Southern State owner Ashley Moore’s brother and sister-in-law purchased a concrete precast company shortly after, renaming it PreCast Florida. Despite the ownership and name change, PreCast had major problems with employee recruitment and retention, Fout explained, primarily due to a lack of benefits.

That’s when Moore suggested that PreCast contact Local 435.

“They weren’t sure what that would look like, but they were open to the idea,” Fout recalled.

Local 435 took the initiative, meeting with management and workers and explaining the benefits of working union. (The employees were shocked by what they stood to gain, Fout said.) From there, the process was simple: Local 435 wrote up a production agreement that included healthcare, a 401(k) plan, vacation and holiday pay, and the company gave all its employees a pay raise to cover the cost of union dues.

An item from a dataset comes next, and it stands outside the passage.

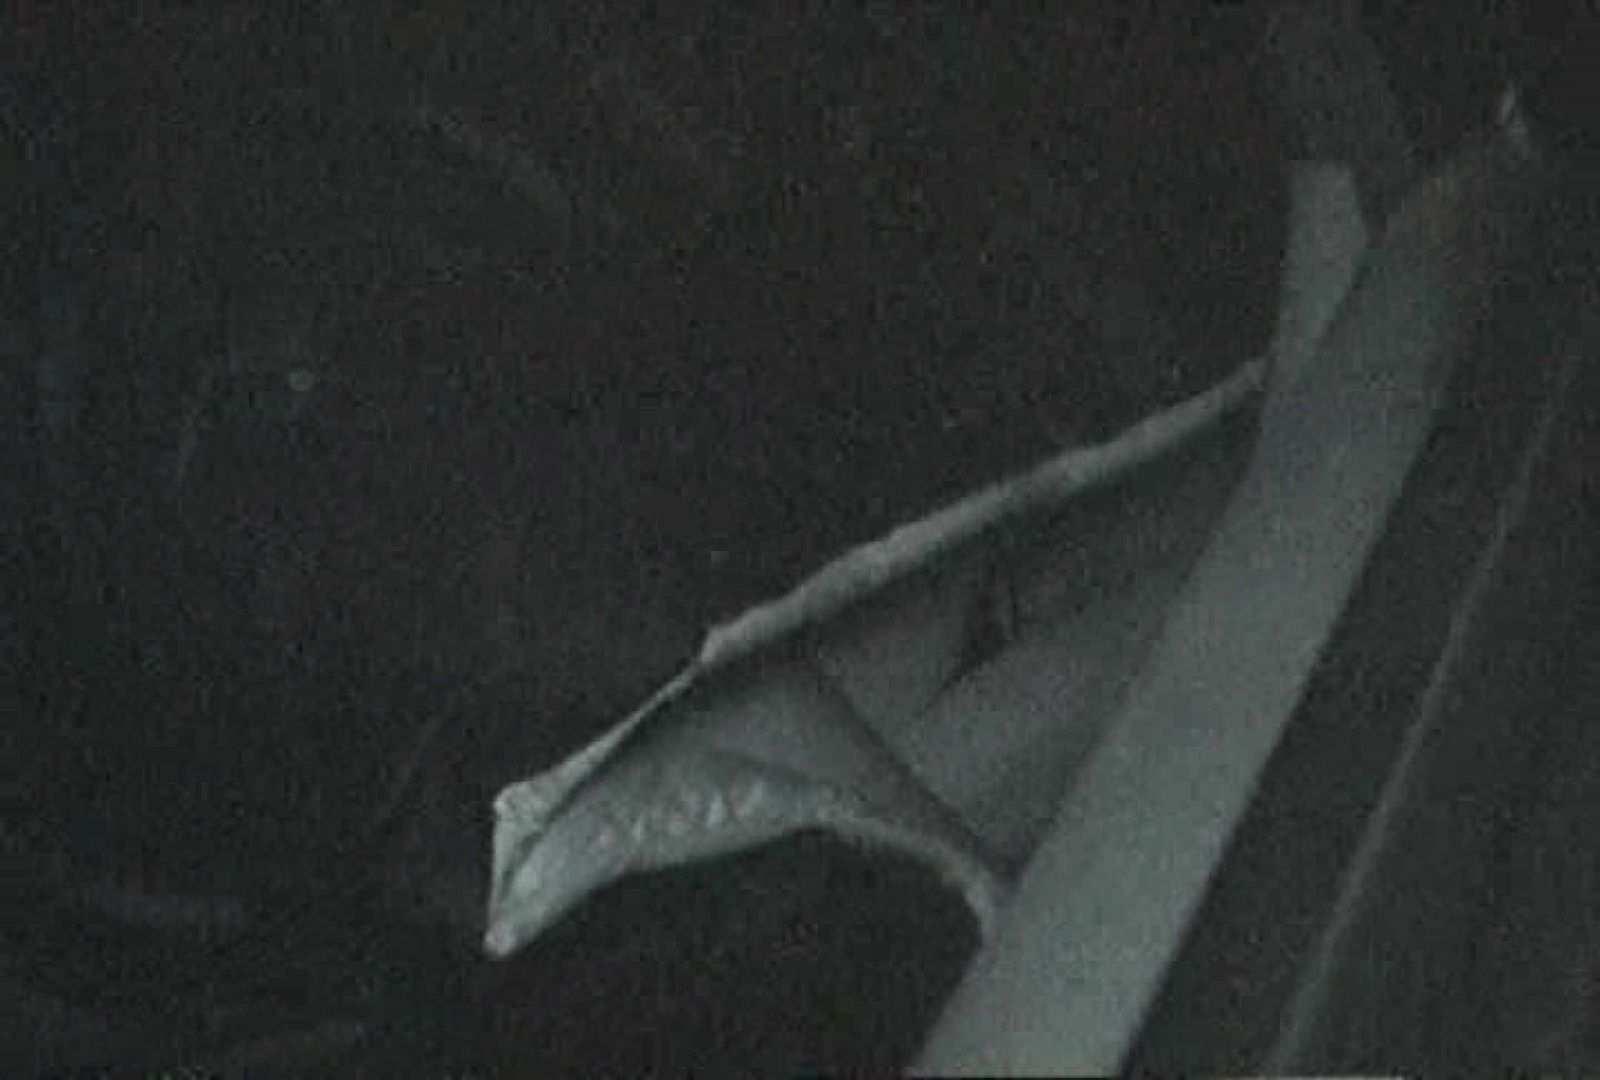 充血監督の深夜の運動会Vol.88 お姉さんヌード 盗撮えろ無修正画像 51画像 7

PreCast Florida officially signed with the local on June 1, and the union advantage is already making itself felt for workers at the shop.

“They’re ready to start making doctor’s appointments, I know that,” Fout said.

Local 435’s newest production members manufacture concrete light poles, picnic tables, construction castings and ornamental structures, displaying the same craftsmanship and artistry as their brothers and sisters working directly with sheet metal. Moreover, Fout said, the Local 435 members at Southern State Duct Masters are fabricating some of the metal forms that PreCast workers will use for their concrete molds, creating more work hours for members at both shops.

“It’s slightly outside the normal scope of work, but we’ve got a good relationship with the employer, a strong contract, and the employees are happy,” he concluded.